I am not poor. I have a roof over my head (as long as I can stay on top of the sky-high mortgage for my cosy, three bed, one bath ranch), I have warm clothes, I have food, I have my basic needs covered. My furnace is running, which is a good thing since it is nine degrees outside. I contributed to charities this year and bought birthday and Christmas gifts. I even have cable and WiFi, which is how I am able to write this, today. Of course, if I had no WiFi, or laptop, I could always go to my local library to use their computers. It would be inconvenient, but obviously, doable.
This is what I want to talk about today; the inconvenience of being in a less than ideal money situation.
My family and I live paycheck to paycheck. We put away a few dollars every week for a rainy day, but our little savings would not do much to save us from financial ruin.
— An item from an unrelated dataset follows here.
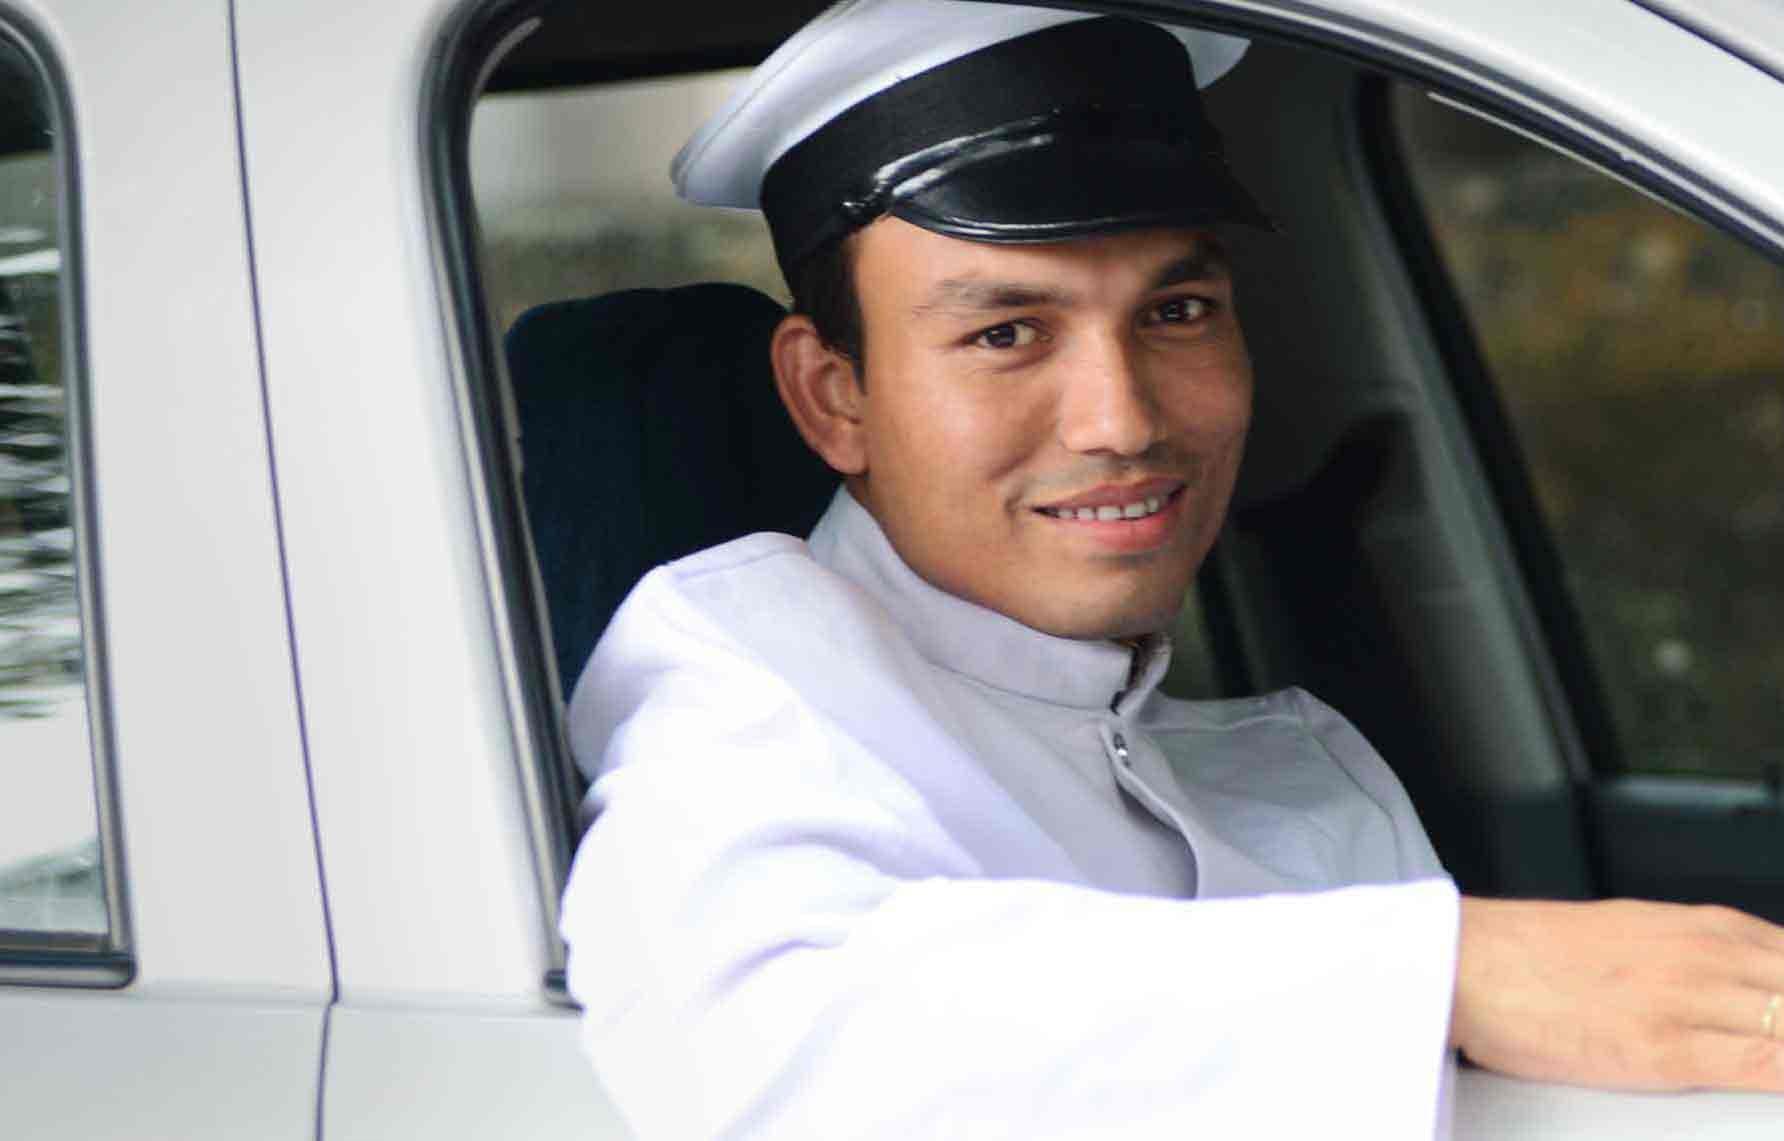 Cab Drivers Job in Australia

It's something, enough to spring for a part for the ever-failing dryer, or to pay an unexpected expense; provided it was a relatively small one. It won't cover my husband missing a few days of work if he caught the flu, though. My husband is in a union and his salary is very good, but I would love to talk to the geniuses who decided not to negotiate for sick or vacation pay or even holiday pay (hello? Christmas and New Year's?).
In an ideal world, we would figure out the cost of those days off (five major unpaid holidays, two weeks of vacation and another cushion of five days for illness) and we would come up with an amount in the neighborhood of $5000. Saving for that would mean putting aside $100 per week. Putting aside another twenty per week for unexpected costs puts our minimum ideal savings plan at $120 per week. Some weeks we have it, some weeks we don't, for reasons I illustrated earlier.
The problem with this is that often times on the lean weeks we need to borrow from the fat weeks to get through. What winds up happening is that we never really save anything. We usually get a decent tax refund and a shrewd financial planner would probably tell us to put that money aside. That would be great, if at some point we didn't need a new washer/dryer/exhaust system for the car/roof/windows... you get the picture.
The vicious cycle that we live in is that we can never hold onto a chunk of money for very long. It's not that we blow it on fancy clothes or purses or shoes or vacations (ha!), it's that it gets pissed away on stuff that has waited too long to ignore.
This is where the inconvenience part really comes into play. If we had more money, we might be able to look for sales on things, so that we can buy them for less instead of buying them RIGHT! NOW! for whatever cost, because it went bad three days ago and we can't live without it for much longer. It would mean replacing our roof before it starts leaking and the damage drives up the cost. It might mean never having to pay late fees. It also might mean that our credit would be better since we wouldn't be late paying bills. Our mortgage company couldn't charge us all the fees involved with paying late. An extra sixty here and thirty there, really adds up. If our credit was better, we could also negotiate a better rate, instead of the 6.75% we are paying now.
Even with all of this, I haven't even gotten to the worst part: the stress that comes from worry. If all I ever had to worry about was money, I guess I would be okay. I'm okay anyway and of course, there is more to my worry than the balance in my checking account. Having had my middle child go through open heart surgery twice in his young life, I can assure you that when it comes right down to it, when your loved ones are safe and healthy, money seems like a mere nuisance.
You could ask me why I don't work. I mean, I did work full time for about three years after my kids were in school full time. The reasons for my not working now are as simple as no one I want to work for wants to hire me and as complex as my availability. The bottom line is that I want to be home when my kids walk through the door from school. Working around that is challenging. You might scoff and grumble that it's my own fault. I am in a mess of my own making.
You would be right.
I take full responsibility for not earning an income. I also know that when I take my kids to the movies or bowling or out for a cheap bite, I probably can't afford it. I do it anyway. When you don't have any family around, weekends present a challenge. Movies fill the time that a big family dinner would in my husband's or my past. Times change. It's the same reason I don't let the cable lapse.
Which brings me to the reason for this post.
Here I am, with my kids on winter break and they shut off the cable and WiFi.
I have a choice: Put what little cash I have left in the bank so that I can pay the bill and have it turned back on, or have a tiny bit of money and wait it out until Friday, when DH gets paid.
Since I have enough food and crock pot recipes to get us through the week, I chose to turn the cable (and phone and WiFi) back on. The prospect of being without, with single digit temps outside, for the last week of Christmas vacation was bleak, to say the least. This way, at least we can use our computer, watch some movies and if friends call to invite us somewhere, they will get through, and not receive a vague message about our phone not "accepting calls" (code for: These deadbeats haven't paid us!).
I know that I am one of the lucky ones. I am not writing this to complain, at least, that is not my primary motivation. I am mostly writing this so that I can see it written out so I can make it better. If I can figure out how to make money less of an issue in the coming year, maybe I can move on to bigger and better things.
I know that there are parts of the problem that are out of my control. It's about taking what IS in my control and fixing it for the better. There is no better time than a new page on the calendar to start.